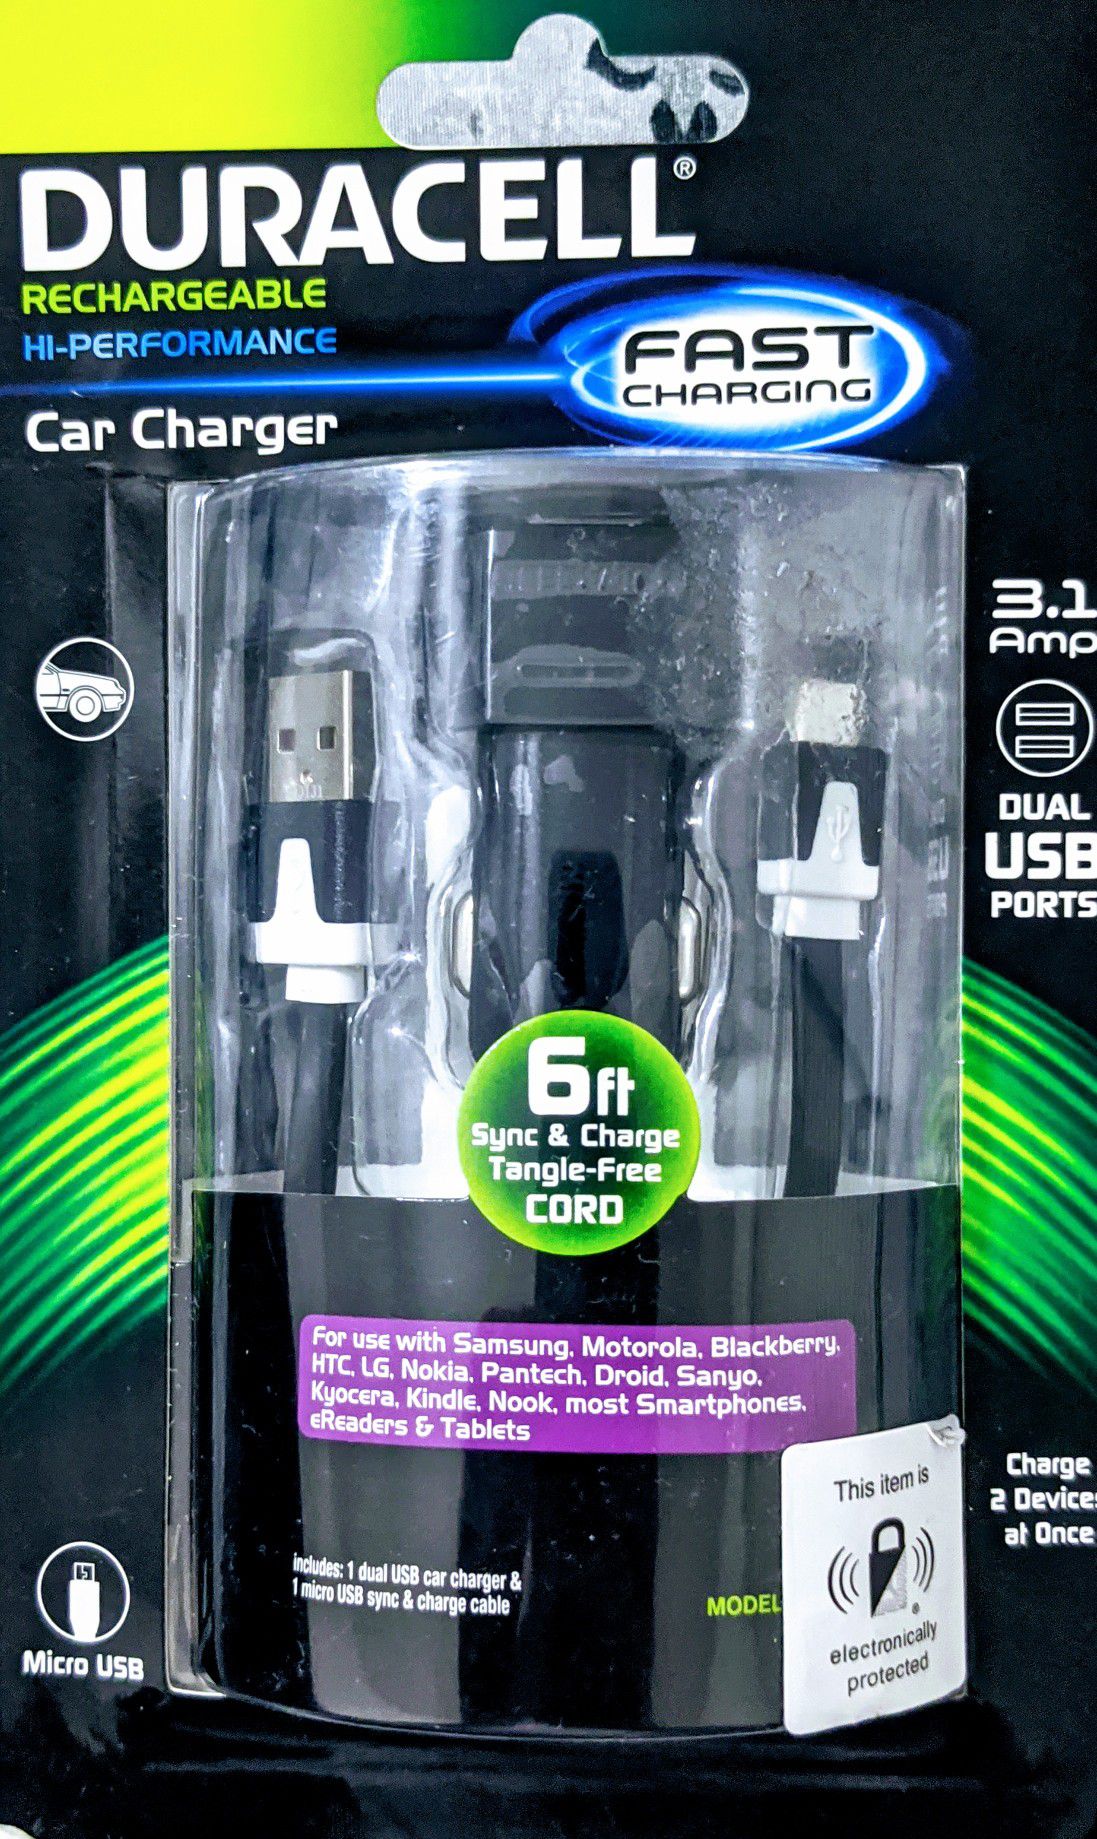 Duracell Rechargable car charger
--
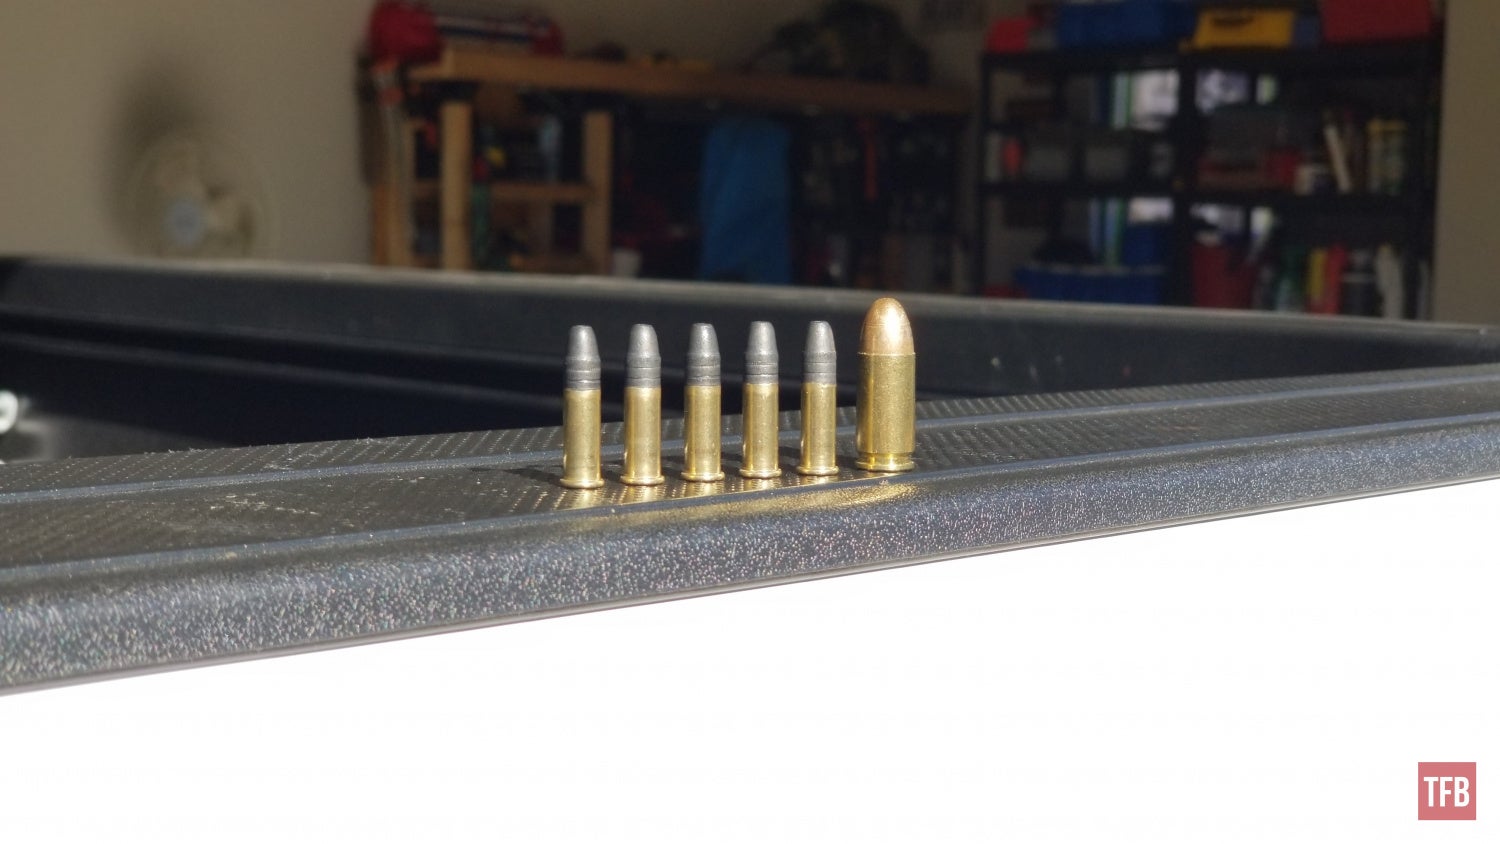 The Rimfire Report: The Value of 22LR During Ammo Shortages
--
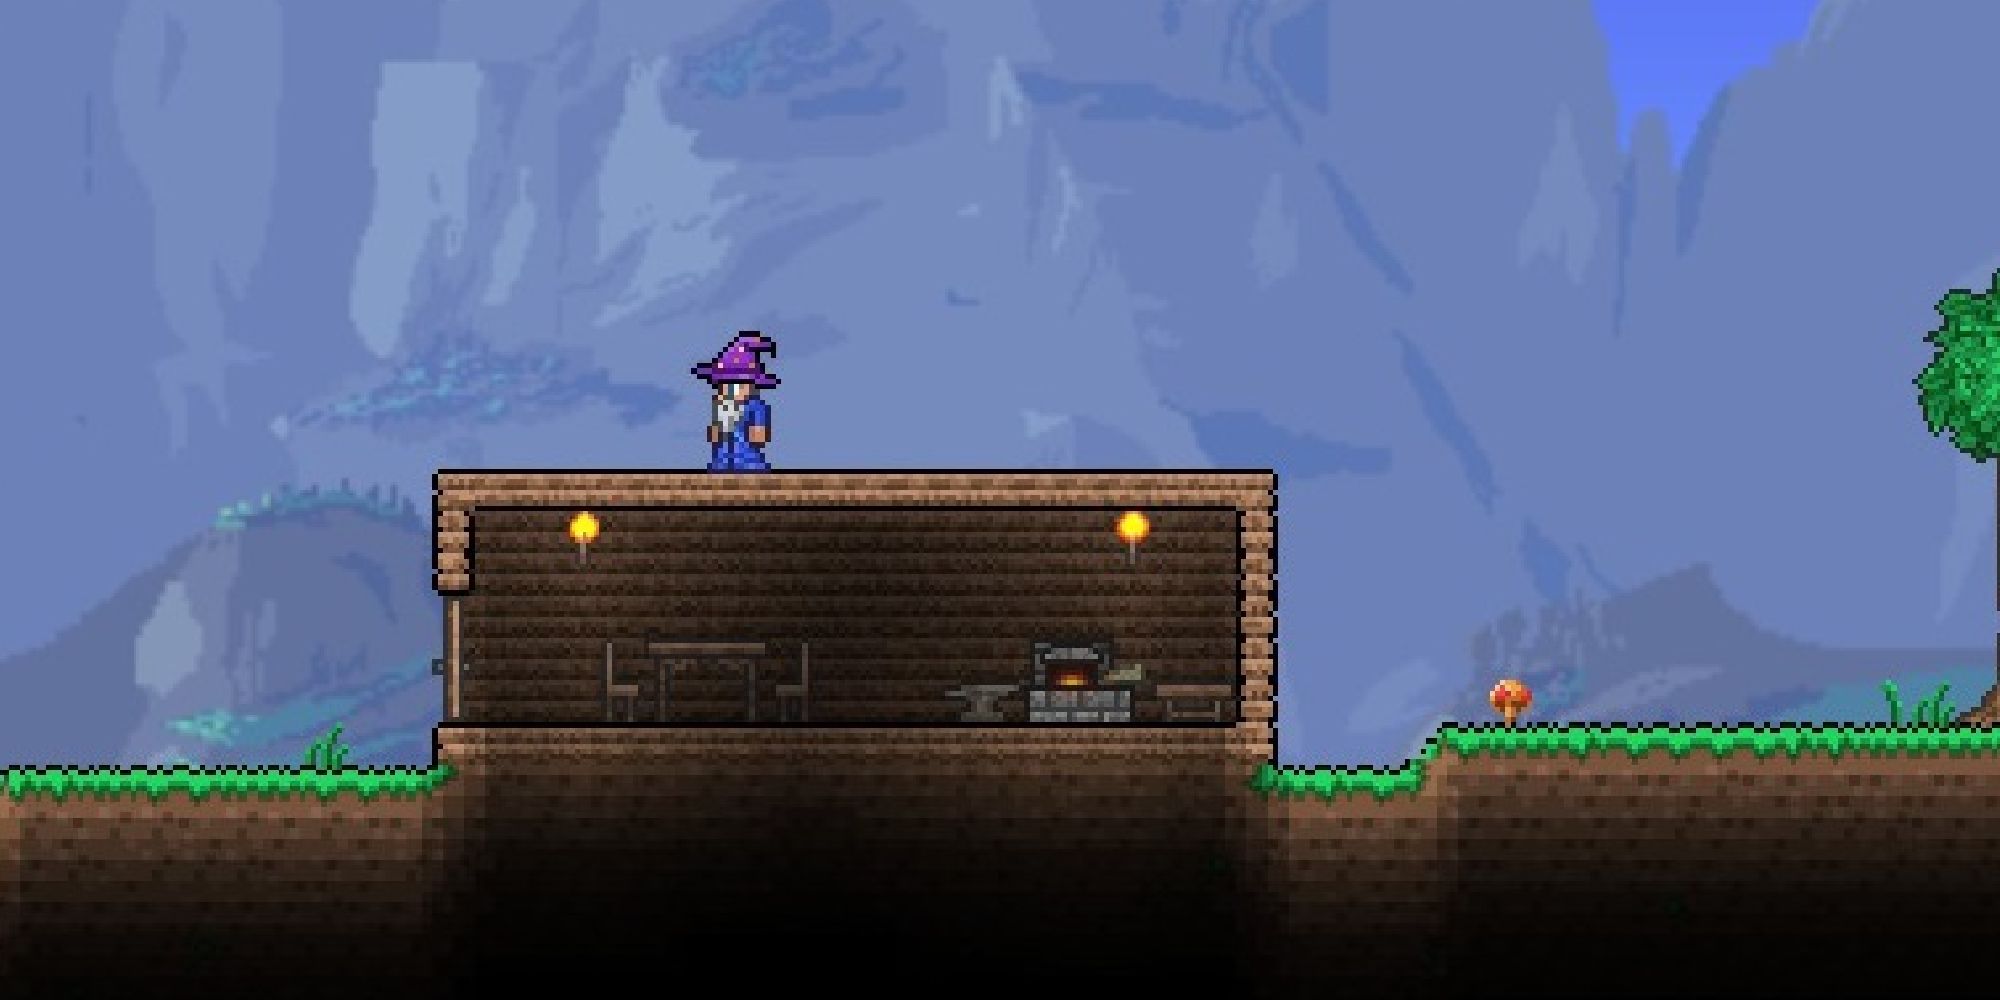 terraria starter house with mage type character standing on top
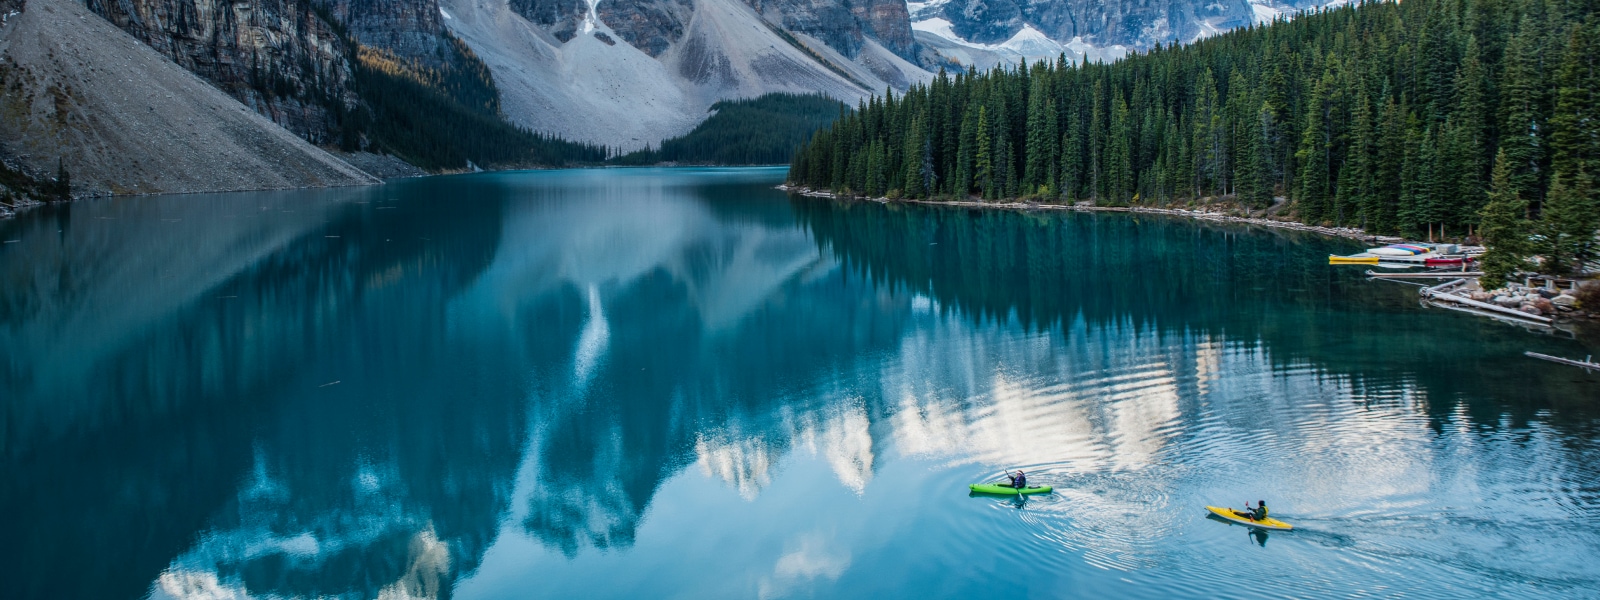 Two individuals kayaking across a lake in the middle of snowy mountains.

Task requirements
Print exactly, with no pictures, the lines above from the one that holds "terraria starter house" through the one that holds "Two individuals kayaking", both of them included.

Task answer
 terraria starter house with mage type character standing on top
 Two individuals kayaking across a lake in the middle of snowy mountains.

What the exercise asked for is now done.